19:30 on Wednesday 21 August 2013
MyBroadband discovered that the invoices are once again publicly available while investigating the problem for a follow-on article. The article “City of Joburg exposes private information again” is published at around 20:00.
Around 20:00 on Wednesday 21 August 2013
The online statements website is taken down again, which means that the private invoices were no longer publicly available.
13:00 on Thursday 22 August 2013
At the time of publication Google still displayed the invoices which it indexed before the site was taken down.
Statements by the City of Joburg
Since the first news article about the City of Joburg’s billing security problem was published on MyBroadband, the media has been abuzz with the news.
South Africa’s most prominent news sources, including Radio 702, News24, and The Times reported the story, and in these reports the COJ made statements which did not go down well with South Africans.
Naschenweng, who discovered the security vulnerability and tried to assist the city to resolve the problem, is also not happy.
Here are some of the statements from the City of Joburg, with comments from consumers and Naschenweng.
The City of Joburg’s (COJ) Abraham Mahlangu told radio 702 that they have opened a police case to investigate how their online billing system was “maliciously hacked”.
Naschenweng responded: “The COJ is now attempting to discredit my honest attempt as a concerned citizen to assist in resolving one of their data-leakage issues, and by the sounds of it are now pursuing criminal charges against this. This is quite shocking as one would have expected more transparency instead of a witch-hunt, but I am completely open to challenge COJ if their accusations are directed at me.”
“Malicious hack? You do not need any hacking experience to uncover or take advantage of this security flaw. Poor security COJ. Take responsibility for it,” said one commentator, Renier.

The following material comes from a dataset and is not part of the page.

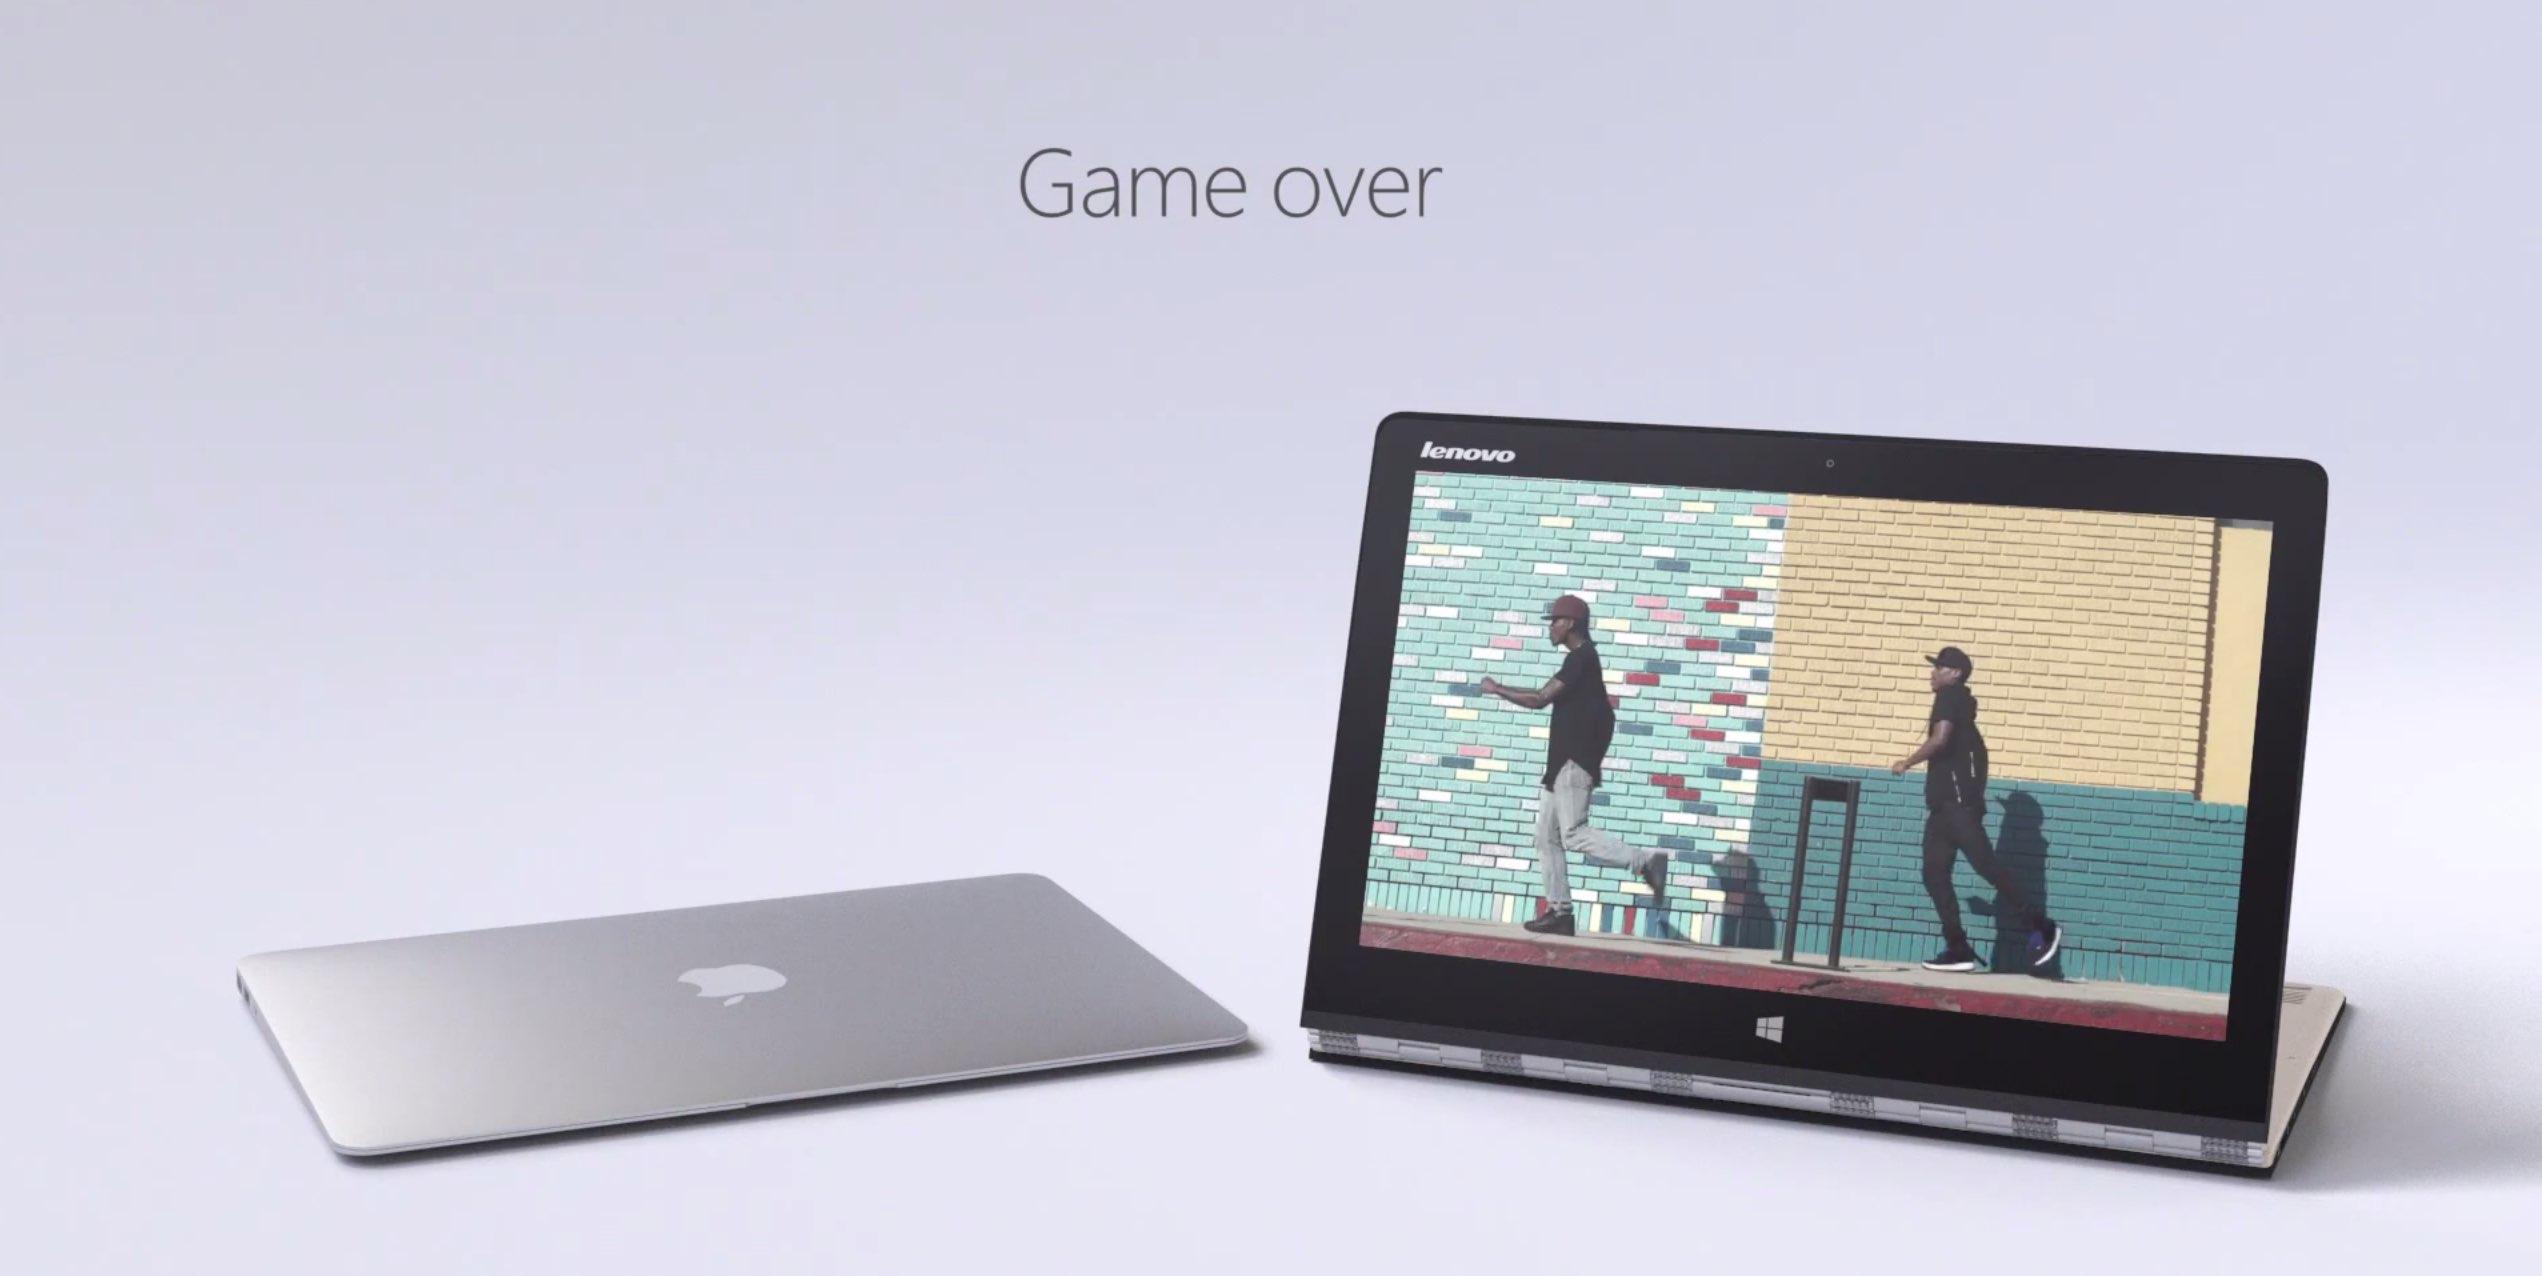 Microsoft: Game Over fürs MacBook Air? 6

Other user comments also questioned the COJ’s statements. These include: “They are now blaming their incompetence on malicious hacking”; and “A concerned member of the community tried to inform you of an error in your systems of which you couldn’t give a hoot and you call him a hacker”.

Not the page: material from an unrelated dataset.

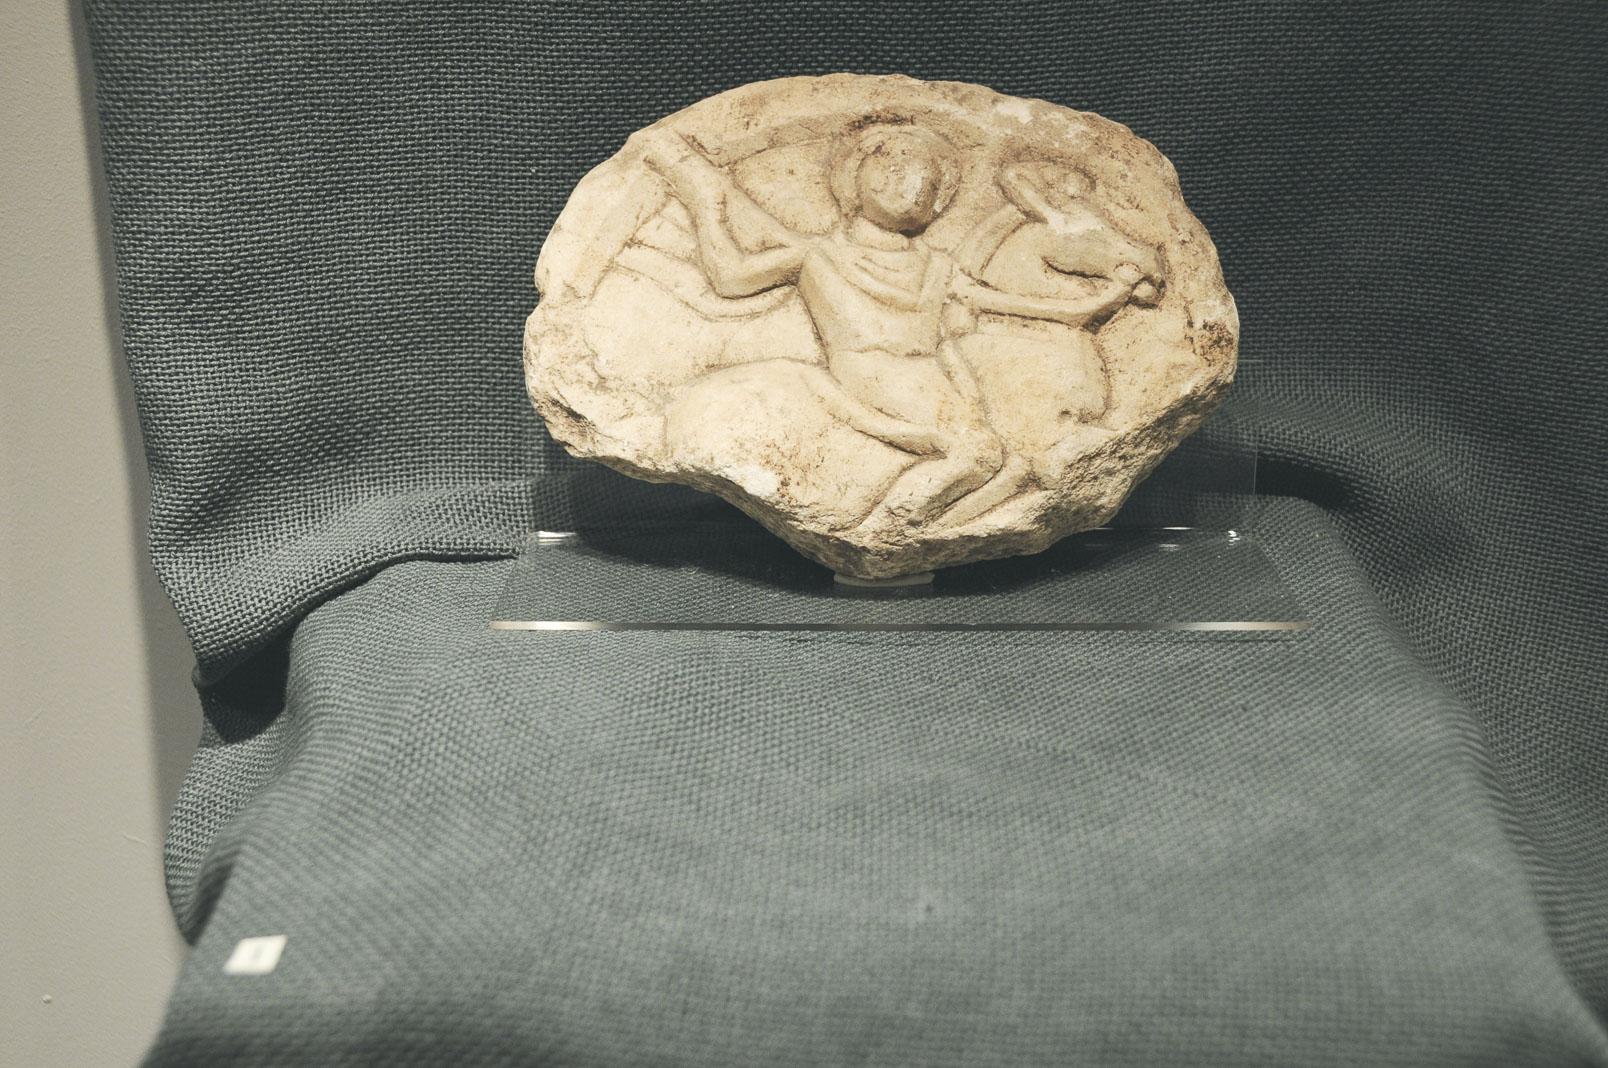 troyan-museum-jivotat-na-edna-idea-2

Richard Nene, the City of Joburg’s director of group and services IT division, told The Times that ratepayers’ information had not been compromised by the breach.

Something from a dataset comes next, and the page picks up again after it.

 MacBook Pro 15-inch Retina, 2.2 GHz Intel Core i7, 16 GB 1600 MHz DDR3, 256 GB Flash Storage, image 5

Users questioned Nene’s statements, with comments including: “Well, he’s lying. Plain and simple”; and “Excuse me, how come yesterday I downloaded and viewed 5 statement accounts?”.
No feedback from the City of Joburg
MyBroadband asked the City of Joburg whether the fact that ratepayers’ invoices were exposed publicly – containing PINs, names, addresses and financial details – does not constitute a compromise of information.
MyBroadband also asked the CoJ why it would call the security flaw a malicious attack, especially after the person who discovered the security problem tried to report it to the CoJ to help them resolve the problem.
We further asked the city what should be done by anyone who discovers a security problem with their online services, and what they are doing to resolve this problem.
Unfortunately the City did not respond to these questions by the time of publication. MyBroadband also tried to reach a spokesperson telephonically, but the relevant number was not answered.